Friday, November 30, 2012
Innovators understand that their job is to fail, repeatedly, until they don't.
- Seth Godin
Actors who aren't innovating are probably (dare I say it) boring. Steve McQueen once said an actor is only as good as the extent to which they risk being bad. Being "bad" (whatever that would mean) is probably our version of "failure" as much as anything else could be (failure and success can only really be words with meaning if they are linked to specific goals; ex: speaking unclearly is a success for a character that is drunk or something like that, but a failure for one who is intended to be well spoken or understood).

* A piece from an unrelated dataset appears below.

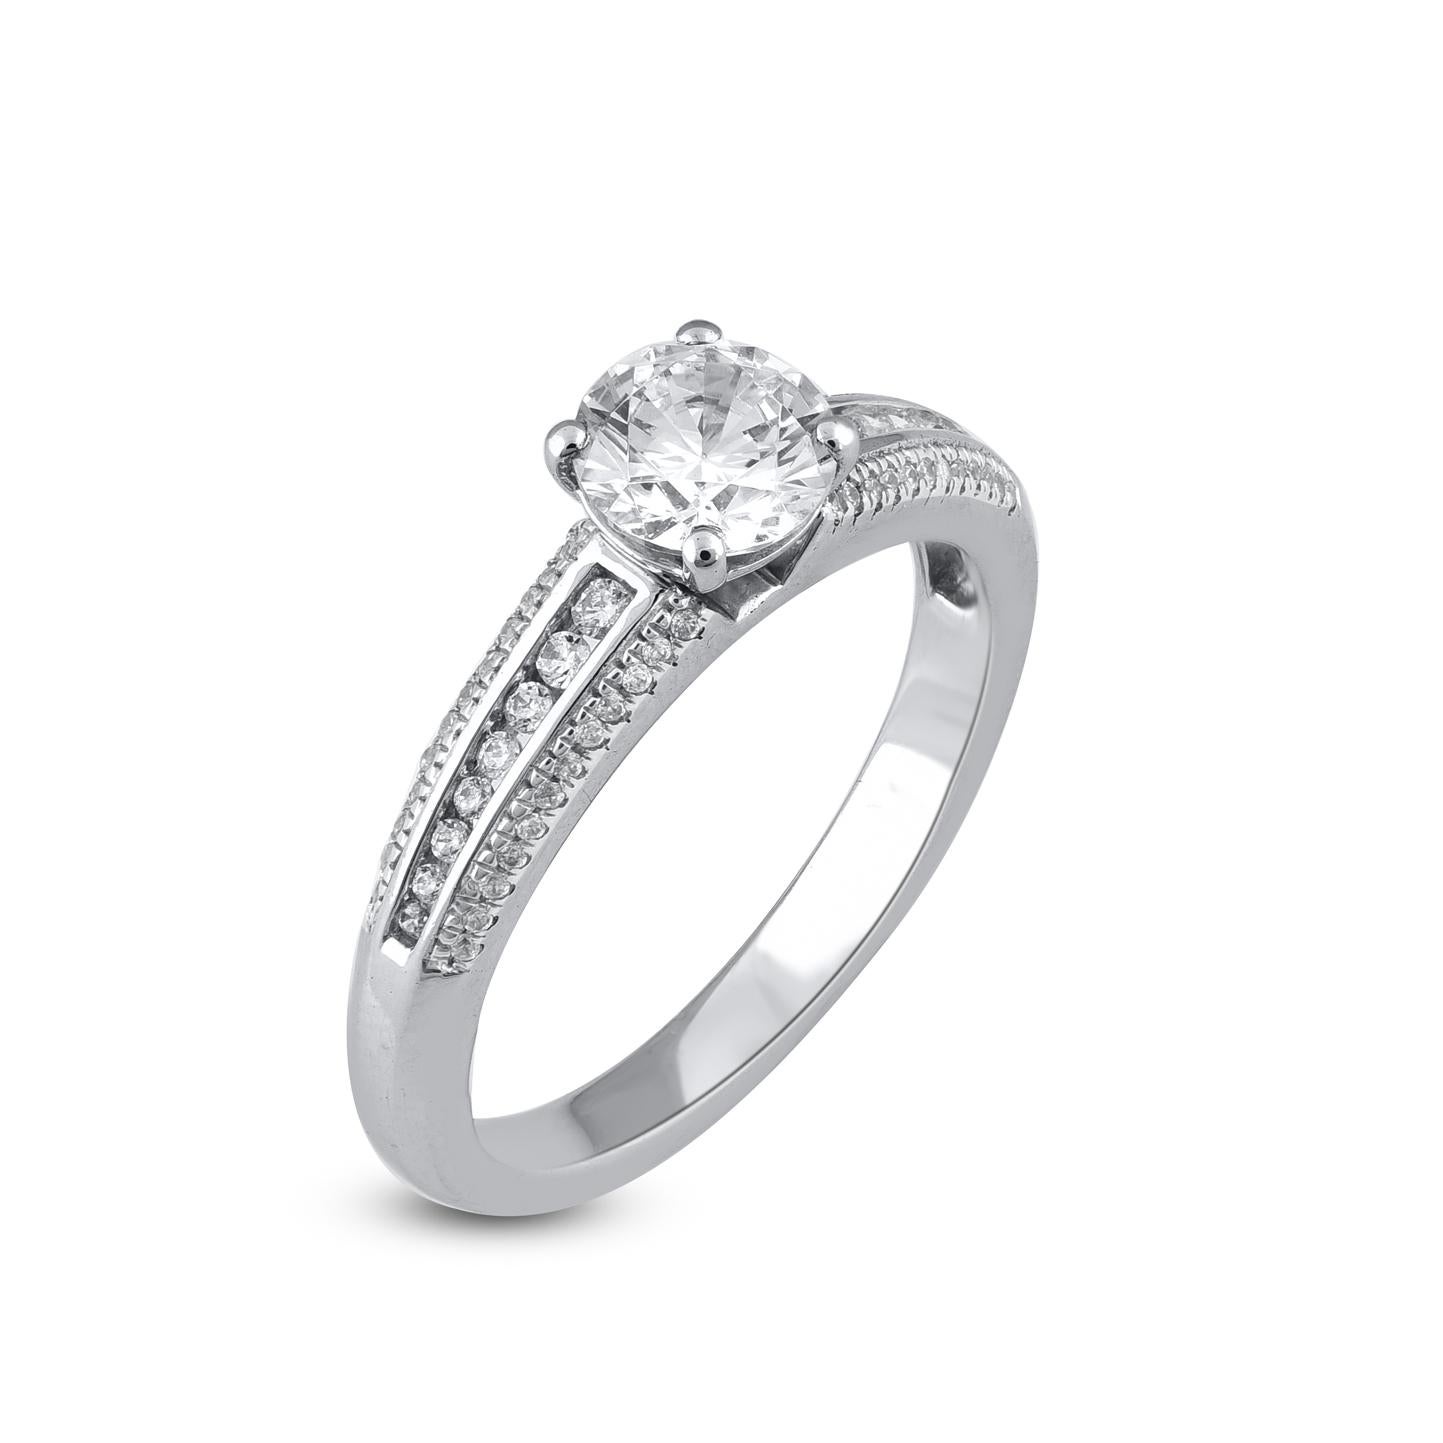 Wow her with the scintilating look of this diamond ring. This engagement ring features 0.80 ct of Centre stone and 0.20 ct shank lined diamonds is beautifully designed and studded with 64 round diamond set in prong and channel setting. We only use

It might be worth finding times/places to fail, and get better at taking the risks that can fail. I'm talking about the times between action and cut, between curtain up and curtain down. Still be on time and prepared. Class is a great place to take a risk that might not pan out. No job to lose or audience to disappoint. I started classes at the Second City Conservatory in Chicago with that plan: each week I planned to do something in class that would probably not work, try something that would fall flat. Not sure if I succeeded in sticking to this plan the whole way through, but I imagine my classmates witnessed more than a few not-ready-for-primetime moments from me ;-). It may have helped stretch me to plan to do something "bad" at least once a class.
Stretching as a performer isn't just a good way to broaden your skill-set and confidence, stretching can be its own reward just by feeling good, and getting you more in touch with your instrument, and what your comfort is in your body, mind and heart while doing different things. Mastery, and the feelings it can bring with it, can feel very good indeed.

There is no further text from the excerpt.